I was beaten. Here I had an apartment; beyond these doors I did not. I told him I would return to the hotel to collect my things and cash my banker’s draft. He extended his hand to me to shake on the deal. He shook hands very firmly. His nails dug into my palms.

I walked back to the hotel, shuddering slightly when I thought of my own doll, Mathilda, falling into his hands.

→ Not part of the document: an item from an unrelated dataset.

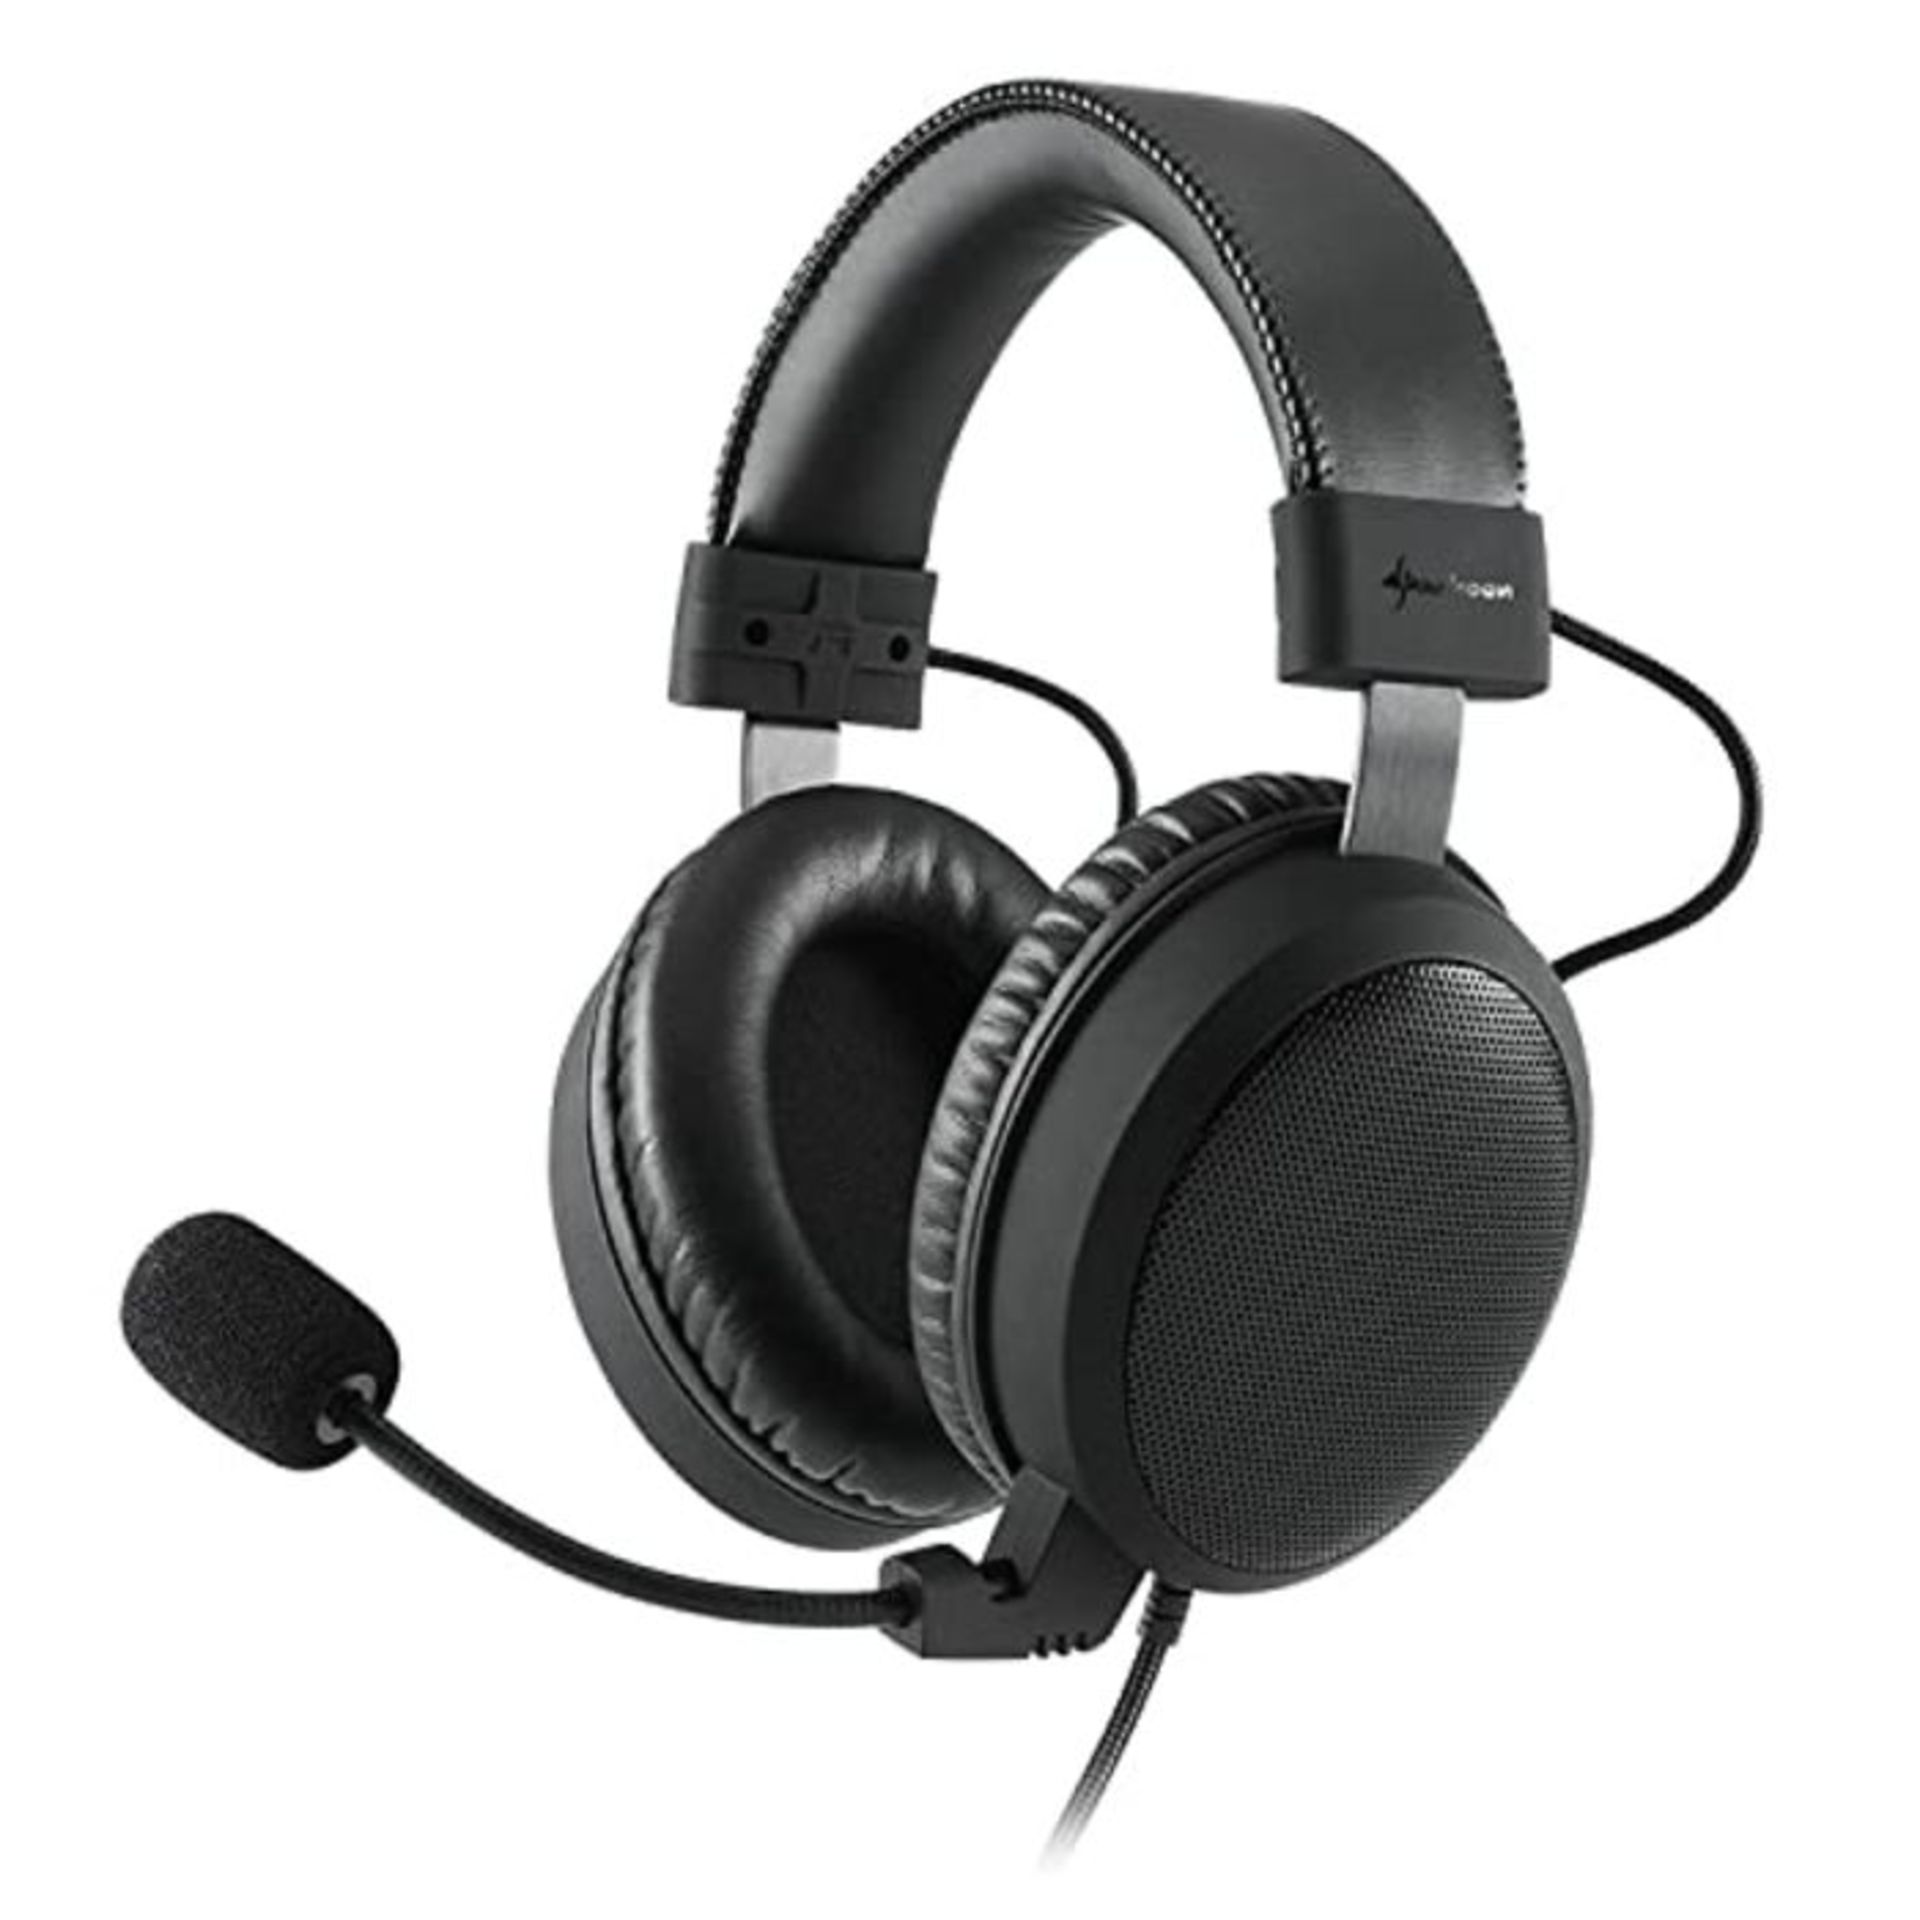 Sharkoon B1 Stereo Gaming Headphones - Black

When I outgrew toys I gave her to Gabriella’s little sister who had never had anything so nice and sat her on a shelf and worshipped her from afar, taking her down every three months to change her outfit, according to the seasons.

In the afternoon I returned to the apartment and was handed my keys in exchange for a folded pile of pounds. I climbed the stairs and let myself into my new home and sat on a folding chair and looked around me, enraptured by my wooden chairs and my streamlined kitchen.

Later, as the room grew hotter, I moved to the balcony. Along the street, on the corner, an Arab in a quaint tarboosh had set up a stall selling watermelons, big and red and juicy and cool they looked to me, tantalizingly cool. How odd that a fruit which was red—the color of heat and danger—should be sweet and watery and cold. I was disinclined to make my hot, weary way down the stairs to the street to buy my watermelon. I watched the Arab on the heat of the pavement with his guaranteed coolers and I wanted what he had and I didn’t. I supposed he was watching us, the people who built on sand, and thinking that if he waited long enough, patiently, the sand would return to engulf us.